With “Feedback” and the brooding, hypnotic minimalism of “Low,” R.E.M. prove themselves masters of the slow burn. Both songs possess such an aching deliberateness that, as you listen, you become very aware of time’s passage. You feel the seconds creep by as the music transfixes you, from quiet opening to cathartic crescendo. “Dusk is dawn, is day,” Stipe flatly observes, “where did it go?” Where, indeed.
Advertisement
Another notable development on Time: the prominence of Mills. Having already proven himself a virtuosic and underrated bassist, Mills steps to the forefront, singing lead on strained-relationship anthem “Near Wild Heaven” and the doleful, heartbreaking melodrama of “Texarkana.” His unadorned vocals form a perfect counterpoint to Stipe’s impassioned wail.

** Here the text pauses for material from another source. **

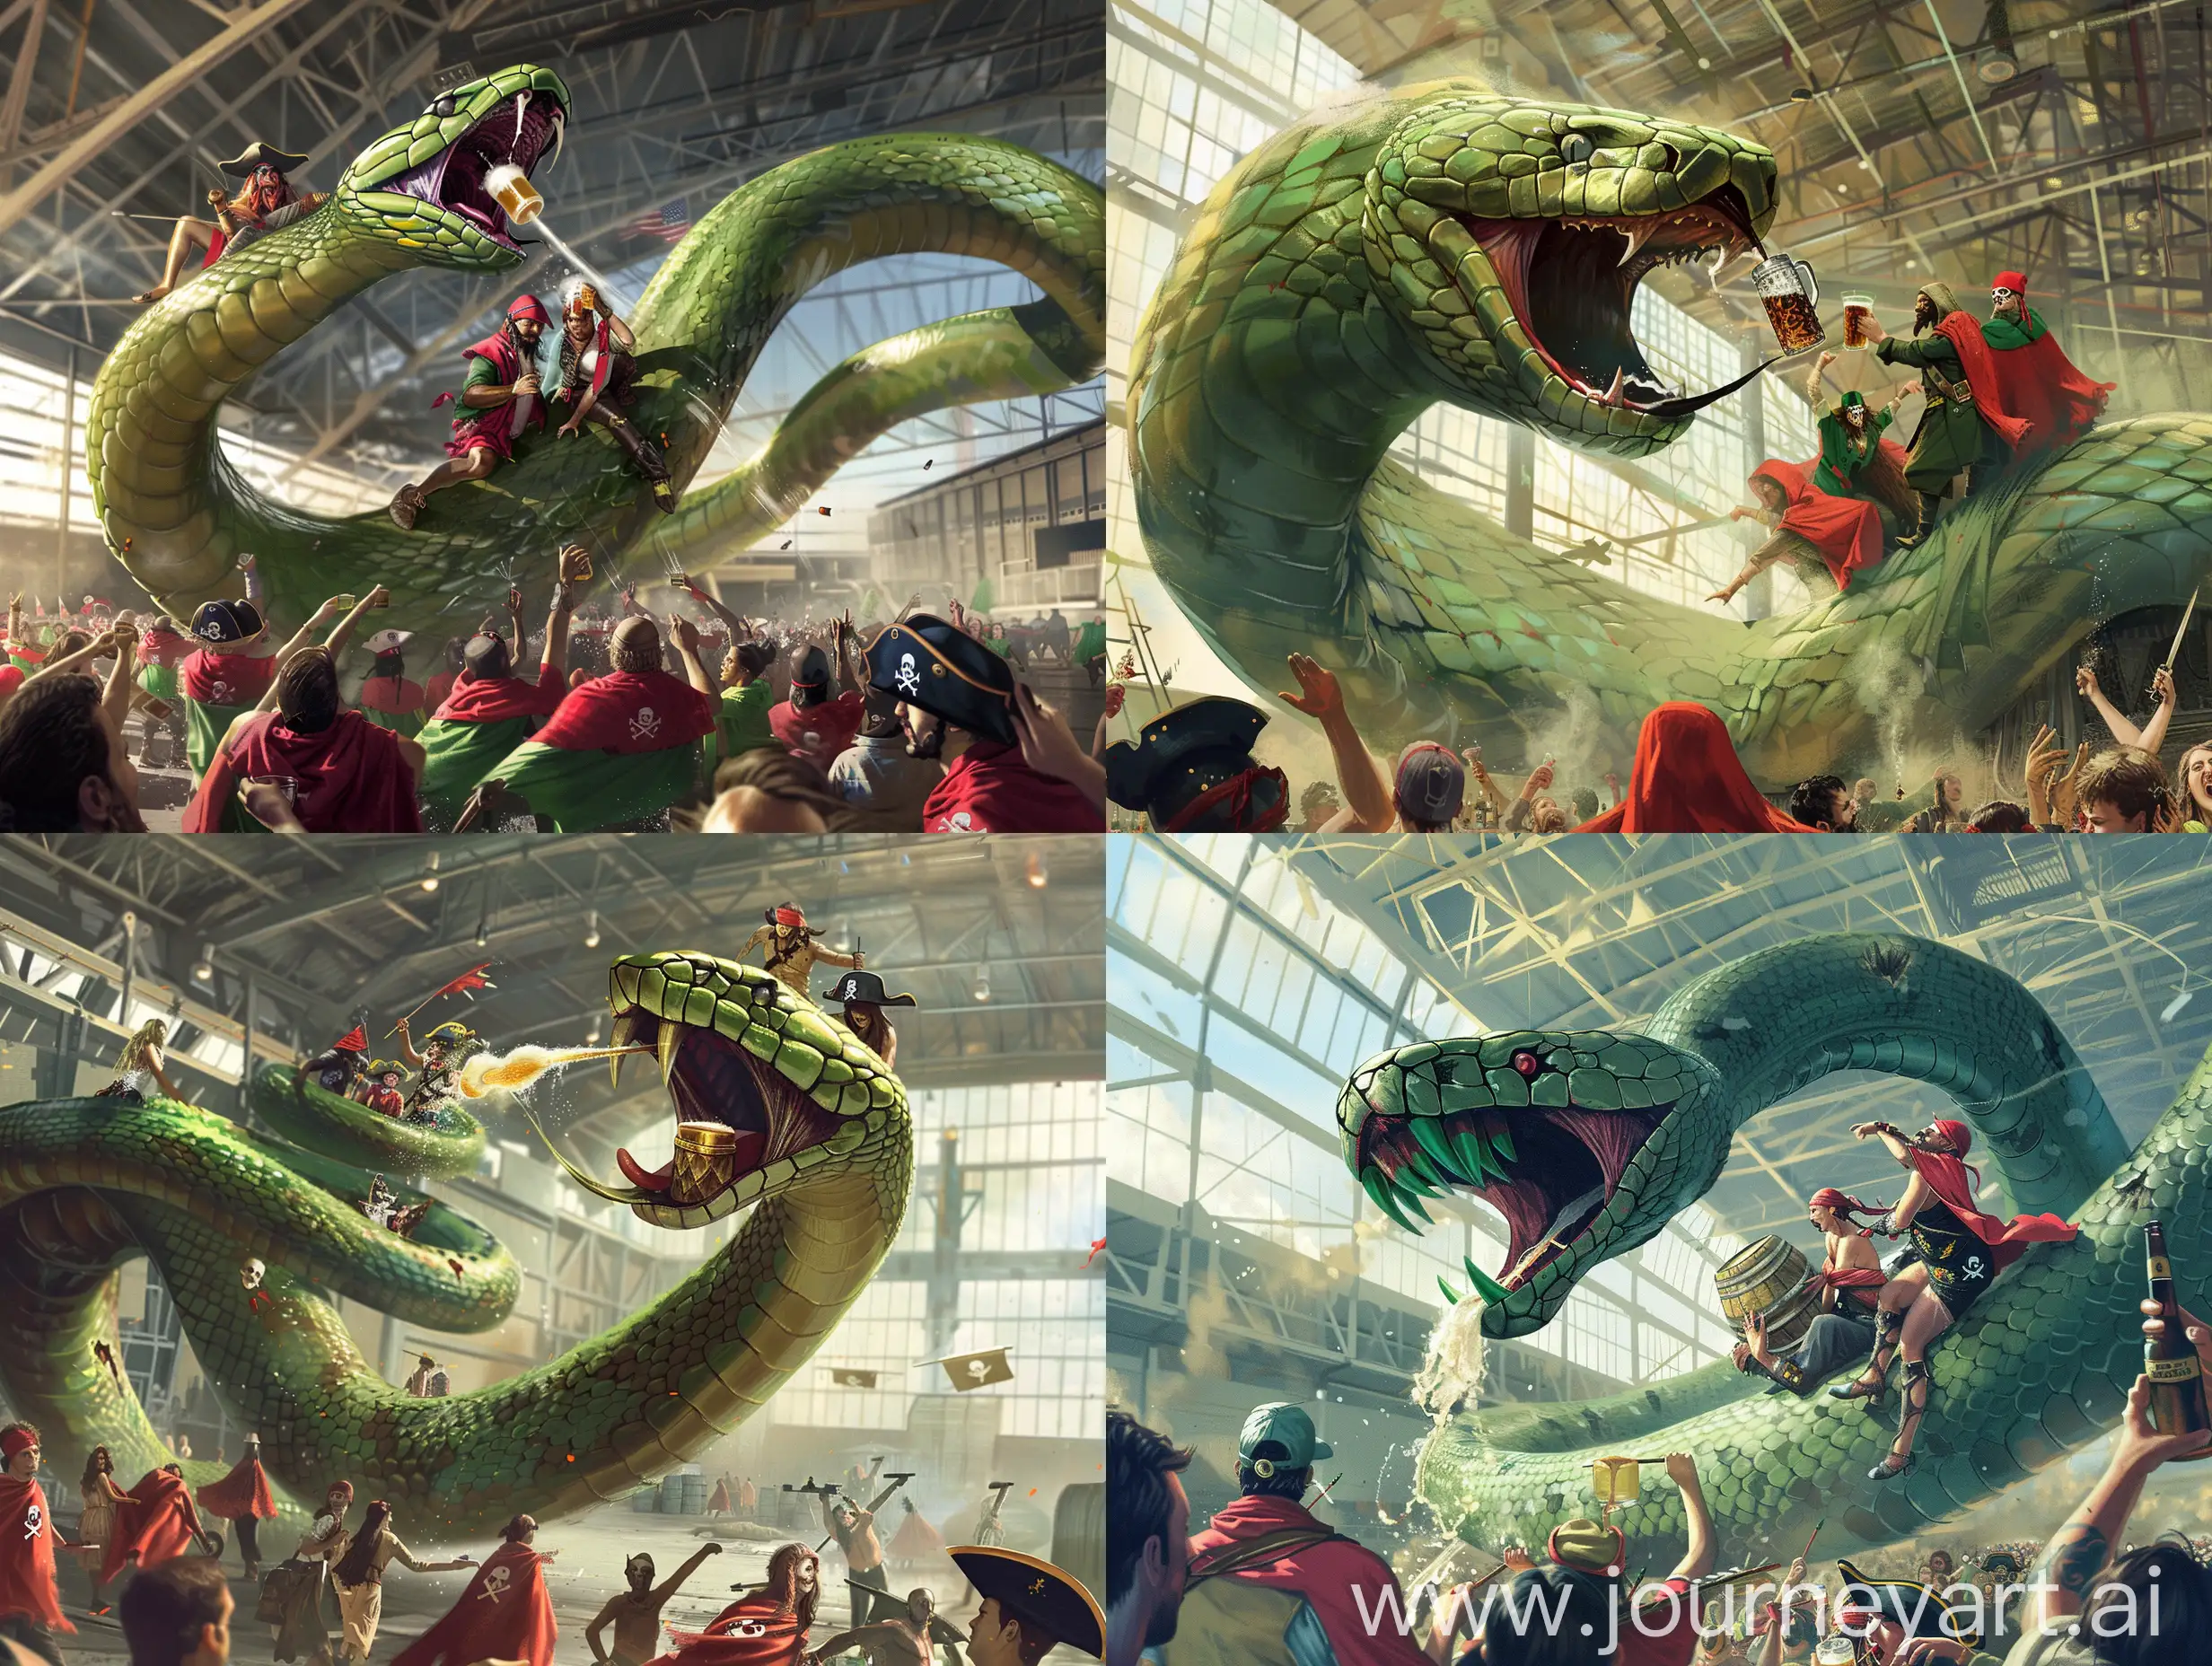 A giant green snake spitting beer by his fangs on a crowd having a party in a modern hangar. There are people having (red capes with green borders) riding the snake. Pirates are making a cocktail on the head of the snake.

But just because the album deals with such heavy subject matter doesn’t mean there isn’t time for moments of levity. “Shiny Happy People” and the aforementioned “Radio Song” prove as entertaining as they are incisive. “Shiny” turned plenty of folks off – and still does – with its intentionally dippy lyrics (“Meet me in the crowd / People, people / Throw your love around / Love me, love me / Take it into town,” etc.) and general plasticky atmosphere. But could it actually be a pointed, deeply ironic critique of pop’s vapidity? Or, as some have suggested, a chilling indictment of the Tiananmen Square massacre of 1989? Or is it just a genuinely happy, buoyant pop tune? No matter how you approach it, it works perfectly. And the inimitable yelp of Kate Pierson (of fellow Athenian weirdos the B-52’s) just makes it all the more odd and endearing.
Out of Time packs more melancholy beauty into 44 minutes than most musicians achieve in their entire careers. The rapturous melodies worm their way into your subconscious until you can feel them in your soul. Scott Litt’s masterful production highlights the musicianship of all parties involved; as a result, the whole record soars even in its darkest moments. Buck delivers some of his most subtle yet emphatic guitar work on “Heaven” and “Texarkana.” Stipe’s voice endures eternally as one of popular music’s greatest vehicles of shivering pathos and queer longing. And the pastoral instrumental “Endgame” is one of the most intoxicatingly gorgeous songs R.E.M. – or any other artist – has ever recorded. It’s altogether a true high-water mark of the early ‘90s.
“Losing My Religion,” of course, remains R.E.M.’s most massive hit, not to mention much of the world’s only reference point for the group. Still, if you’re going to be remembered for a single piece of work, you could do a lot worse. “Religion” spins a classic tale of Hitchcockian obsession – of wanting someone so badly that you sacrifice your sense of self. The funereal string section and Buck’s somber mandolin mourn the loss of the narrator’s sanity, his ability to distinguish fantasy from reality. “That was just a dream, just a dream, just a dream.” Or was it?
Advertisement
Closing track “Me in Honey” drives the whole thing back home with its bittersweet saga of unexpected pregnancy. (Stipe intended the tune as a response to “Eat for Two” by 10,000 Maniacs, whose lead singer Natalie Merchant he had briefly dated.) “Knocked silly, knocked flat, sideways, down,” Stipe’s befuddled father-to-be croons over Buck’s steady-rolling guitar and Berry’s drum thwacks. “These things they pick you up and they turn you around.”
Ultimately, that’s the uniting message behind Out of Time. Love and life are hard. They beat us up and knock us down; they stretch us to our breaking points; they promise us everything and leave us with nothing, humiliated and broken, wondering why we bothered to try. We might feel as wayward and forlorn as the world-weary narrator of “Half a World Away,” or as uncertain of the future as the doting mother in “Belong.” And yet, at the end of the day, we’ve survived. We’re still alive, and the song within our hearts is still ringing out, even if we can’t hear it play. There is beauty to be found in the decline – you need only take the time to find and savor it.